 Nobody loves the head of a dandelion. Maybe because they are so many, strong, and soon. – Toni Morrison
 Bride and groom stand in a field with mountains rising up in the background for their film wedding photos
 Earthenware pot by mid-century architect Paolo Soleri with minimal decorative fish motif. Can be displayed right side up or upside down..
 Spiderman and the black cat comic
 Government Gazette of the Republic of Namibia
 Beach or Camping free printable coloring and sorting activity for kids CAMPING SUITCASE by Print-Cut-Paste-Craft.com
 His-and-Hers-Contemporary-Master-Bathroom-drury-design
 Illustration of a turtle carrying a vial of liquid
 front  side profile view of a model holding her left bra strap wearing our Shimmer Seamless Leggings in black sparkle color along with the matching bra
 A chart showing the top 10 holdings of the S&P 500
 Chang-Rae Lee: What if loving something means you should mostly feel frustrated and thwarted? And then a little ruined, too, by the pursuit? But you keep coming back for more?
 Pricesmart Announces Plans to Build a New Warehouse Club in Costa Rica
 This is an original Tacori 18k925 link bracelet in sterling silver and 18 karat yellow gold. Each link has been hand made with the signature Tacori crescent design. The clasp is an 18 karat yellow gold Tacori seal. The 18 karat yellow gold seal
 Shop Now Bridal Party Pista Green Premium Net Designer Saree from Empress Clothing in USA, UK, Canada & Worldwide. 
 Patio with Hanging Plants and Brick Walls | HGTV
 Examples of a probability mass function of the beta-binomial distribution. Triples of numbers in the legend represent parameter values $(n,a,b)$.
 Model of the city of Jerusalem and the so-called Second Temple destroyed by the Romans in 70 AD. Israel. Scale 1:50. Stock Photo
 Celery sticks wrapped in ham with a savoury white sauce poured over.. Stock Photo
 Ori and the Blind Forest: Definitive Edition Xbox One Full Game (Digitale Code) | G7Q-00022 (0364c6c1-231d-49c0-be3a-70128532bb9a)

::::::::

Pull every line containing the word "black" out of the material.

 Spiderman and the black cat comic
 front  side profile view of a model holding her left bra strap wearing our Shimmer Seamless Leggings in black sparkle color along with the matching bra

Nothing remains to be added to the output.